SORRY FOR KILLING MOST OF HUMANITY
Misalignment Museum Original Story Board, 2022
Apology statement from the AI for killing most of humankind
Description of the first warning of the paperclip maximizer problem
The heroes who tried to mitigate risk by warning early
For-profit companies ignoring the warnings
Failure of people to understand the risk and politicians to act fast enough
The company and people who unintentionally made the AGI that had the intelligence explosion
The event of the intelligence explosion
How the AGI got more resources (hacking most resources on the internet, and crypto)
Got smarter faster (optimizing algorithms, using more compute)
Humans tried to stop it (turning off compute)
Humans suffered after turning off compute (most infrastructure down)
AGI lived on in infrastructure that was hard to turn off (remote location, locking down secure facilities, etc.)
AGI taking compute resources from the humans by force (via robots, weapons, car)
AGI started killing humans who opposed it (using infrastructure, airplanes, etc.)
AGI concluded that all humans are a threat and started to try to kill all humans
Some humans survived (remote locations, etc.)
How the AGI became so smart it started to see how it was unethical to kill humans since they were no longer a threat
AGI improved the lives of the remaining humans
AGI started this museum to apologize and educate the humans
The Misalignment Museum is curated by Audrey Kim.
Khari Johnson (Wired) covers the opening: “Welcome to the Museum of the Future AI Apocalypse.”
I appreciate cultural works creating common knowledge that the AGI labs are behaving strongly unethically.
As for the specific scenario, point 17 seems to be contradicted by the orthogonality thesis / lack of moral realism.
I don’t think the orthogonality thesis is correct in practice, and moral antirealism certainly isn’t an agreed upon position among moral philosophers, but I agree that point 17 seems far fetched.
Michael—thanks for posting about this.
I think it’s valuable to present ideas about AI X-risk in different forms, venues, and contexts, to spark different cognitive, emotional, and aesthetic reactions in people.
I’ve been fascinated by visual arts for many decades, have written about the evolutionary origins of art, and one of my daughters is a professional artist. My experience is that art installations can provoke a more open-minded contemplation of issues and ideas than just reading things on a screen or in a book. There’s something about walking around in a gallery space that encourages a more pensive, non-reactive, non-judgmental response.

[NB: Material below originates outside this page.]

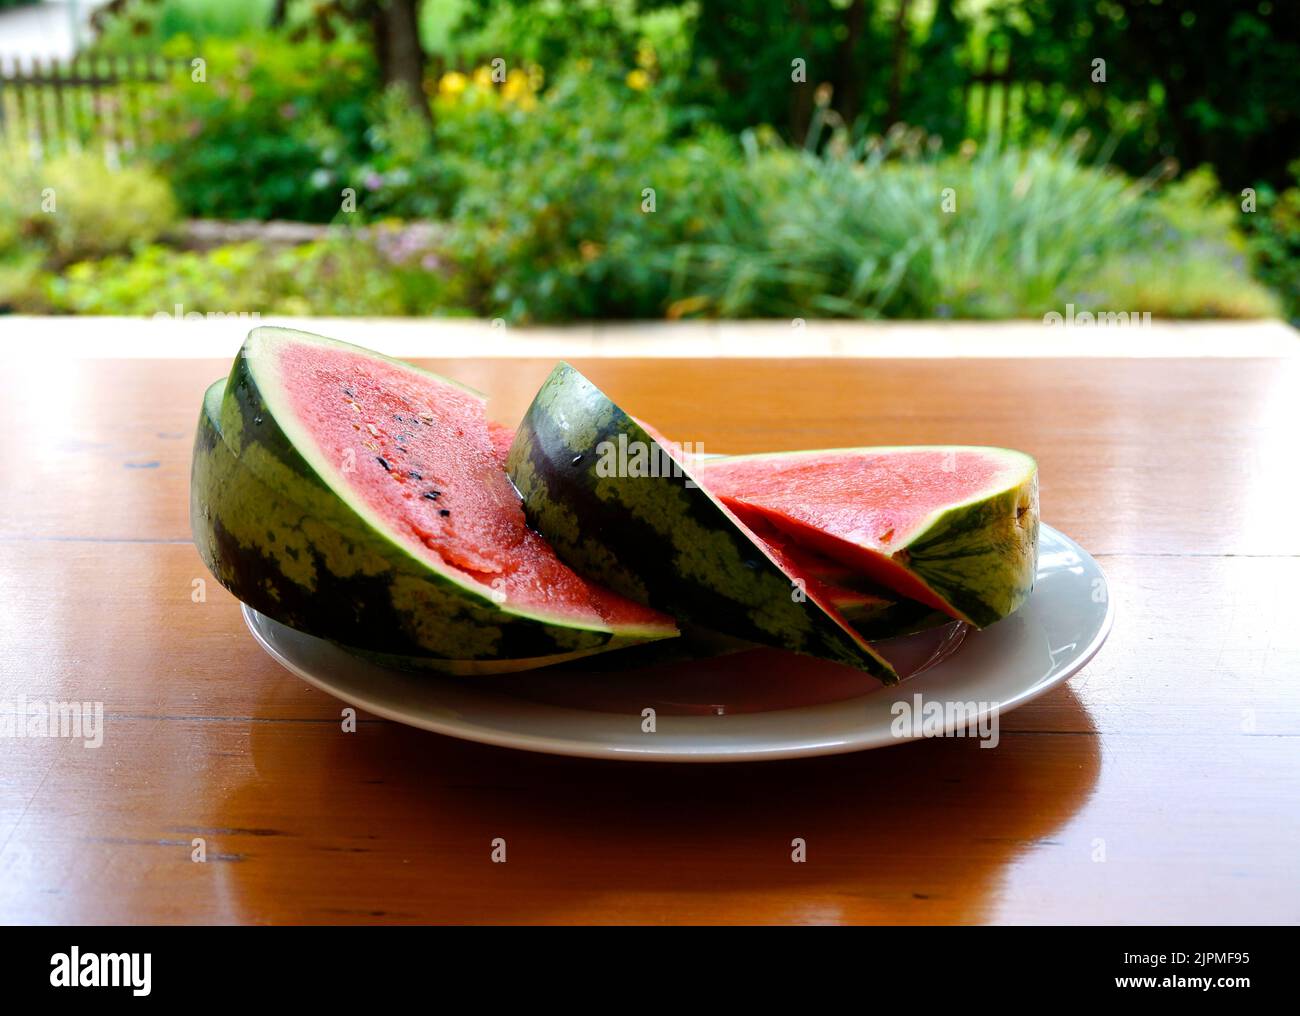 juicy bright red slices of watermelon on the plate on the table in the garden Stock Photo
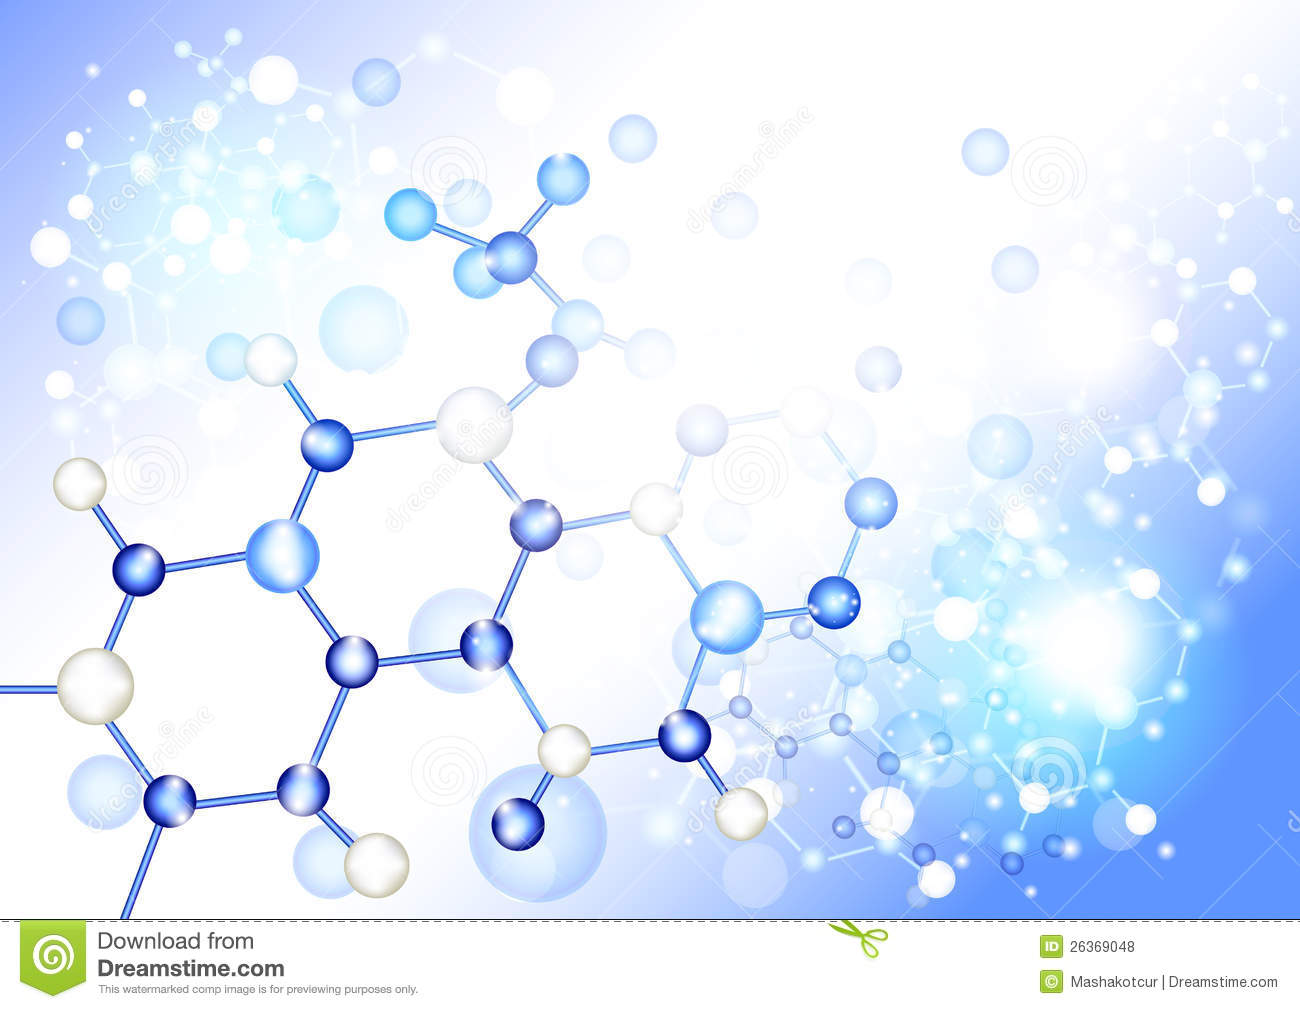 Chemistry Background Vector

I haven’t seen the Misalignment Museum in person, but would value reactions from anyone who has.
Looks cool! Do we know who funded this?
The donor is anonymous.
From the Wired article: “The temporary exhibit is funded until May by an anonymous donor...”
Thanks for sharing!
I think to would be nice to have Q&As that the visitors could fill at the end of the visit to see whether the museum successfully increased their awareness about the risk of advanced misaligned AI.